Getting To Know Amazon's AWS EC2 T2 Unlimited Option

by Brian O'Neill | Jul 19, 2018 | aws, Cloud | 0 comments

A Rundown of the New AWS EC2 T2 Unlimited Option

When we last discussed Amazon Web Services and the "t2" options, we cautioned that you might be expecting too much for the cheaper price and find yourself in a period of poor performance if you miscalculate, or simply experience an extended time of high usage. Until you can resolve the reasons for the high CPU usage, you can’t improve the performance of the existing instance - you have to reboot into a larger instance or offload the processing to another instance.amazone

In an effort to alleviate these issues, Amazon has now added an option - Amazon AWS EC2 T2 Unlimited - that allows you to get beyond these times of stress. This new offering works by first borrowing future CPU credits, and then by charging a nominal per-hour fee. Announced at Amazon’s 2017 re:Invent, the new AWS EC2 T2 Unlimited Option allows you to sustain high CPU performance over a longer period of time while still keeping your costs down. And the best part is you can enable this on a running instance without the need to reboot. 

So, How Does This Work?

Let's say we have a t2.small instance that earns 12 credits per hour (288 total per day) with a maximum credit allowance of 288 (credits expire after 24 hours). Since the baseline performance is 20% CPU, as long as we remain below that baseline usage we will earn credits up to the 288 maximum. If we exceed 20%, however, we’ll begin using our credits, with a credit equaling a vCPU operating at 100% for one minute (or 50% for two minutes, etc.). That means that if we’re running at 100% for an hour, we’ll use 60 credits while only earning 12. If we previously had the maximum amount of credits, we would exhaust all our credits in just six hours. For a standard t2 instance, we would then be throttled down to 20% maximum.  

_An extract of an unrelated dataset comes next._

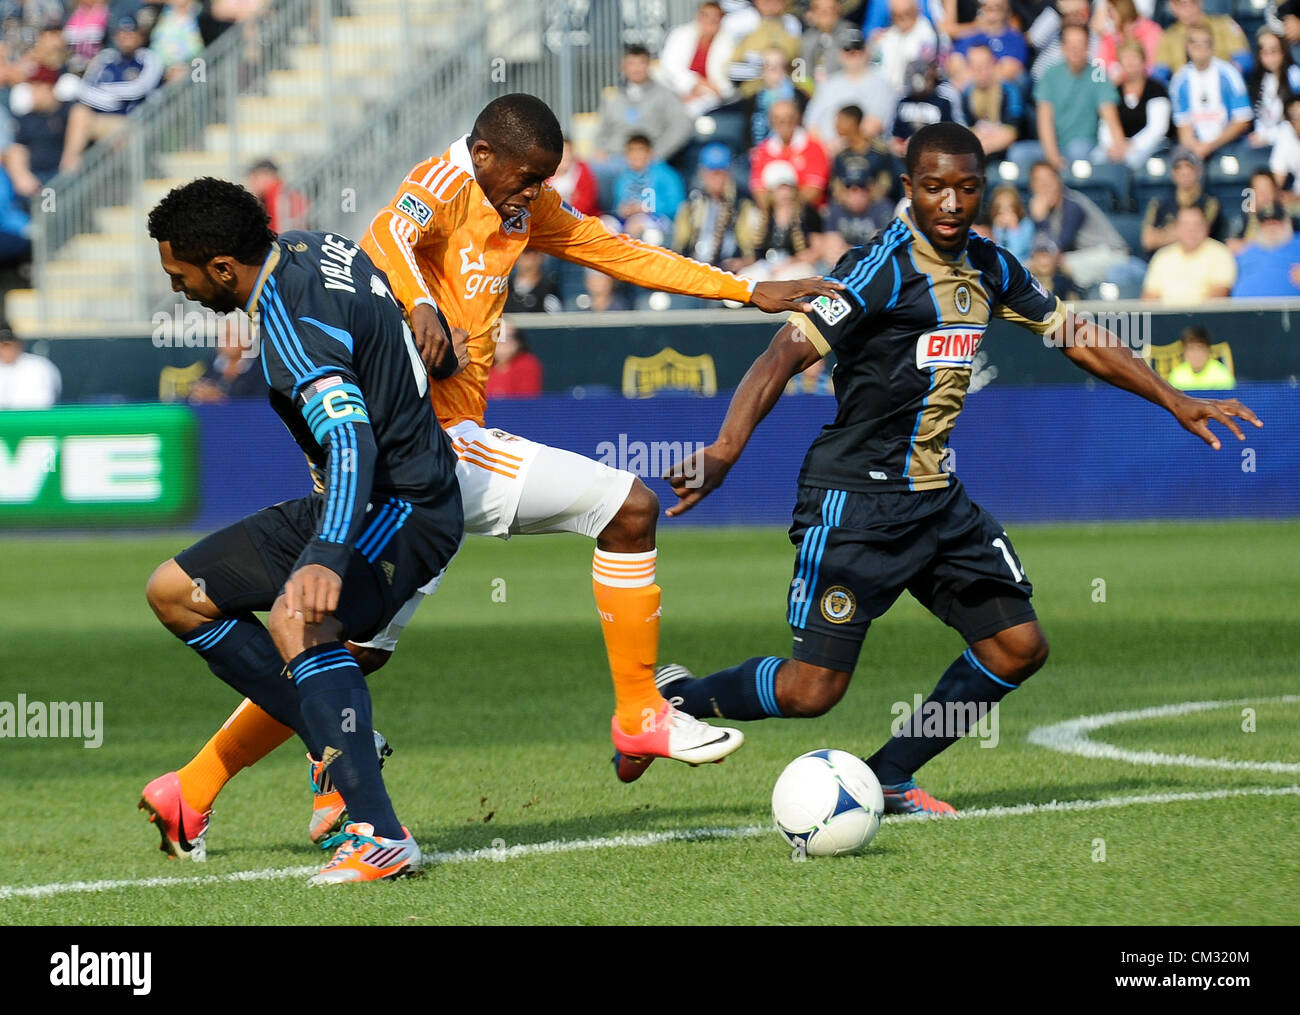 Sept. 23, 2012 - Chester, Pennsylvania, U.S - Union's,  CARLOS VALDES and MICHAEL LAHOUD, in action against Houston. The Union won the match 3-1 at PPL Park (Credit Image: © Ricky Fitchett/ZUMAPRESS.com) Stock Photo

With the rollout of Amazon’s AWS T2 Unlimited, rather than throttling we can continue to operate at 100% CPU utilization. However, now we’ll start using "surplus" credits by “borrowing” up to the daily maximum of earned credits - so in this case 288 surplus credits. Assuming we are still operating at 100%, that will take another six hours. If our CPU usage drops back below our baseline before the tasks have completed running, our earned credits will start to pay off the surplus balance, and once that reaches zero we’ll start earning our normal credit balance again.  

With the AWS T2 Unlimited option, once we exceed the daily maximum in surplus credits, we can still continue operating, but we then start getting charged for each CPU credit we consume. Surplus credits cost $0.05 per vCPU-hour (or $0.00833/credit) for Linux instances, and $0.096 per vCPU-hour for Windows instances. For a Linux instance operating at 100% for one hour with 48 incurred credits to be charged, at the end of the hour we would be billed $0.04 for the extra run time. At that rate, it would cost less than $1.00 to run at 100% for an entire day - likely a bargain compared to dealing with the poor performance you would otherwise suffer. 

Here is a detailed look at the new cost per credit structure:

amazon aws chart 

With that said, it is still very important to monitor your t2 instances closely to make sure they are performing within expectations and below the baseline for your instance type. In AWS CloudWatch, I typically set three alarms on my t2 instances, one to notify if CPU Credit Balance drops below 100, one to notify if CPU Utilization exceeds 95% for 1 hour (if there is a "fast burn" of CPU credits), and one to notify if CPU Utilization exceeds the baseline for 6 hours (look for a "slow burn" of CPU credits). You can adjust these as needed for your own expectations. 

One thing to note if you are planning to create a new instance with the T2 Unlimited option enabled - unlike a standard instance, which when first created comes with a CPU credit balance to start, a new T2 Unlimited instance does not. Instead, you would use surplus credits for CPU usage exceeding the baseline if needed (initial setup and configuration of the instance, etc.).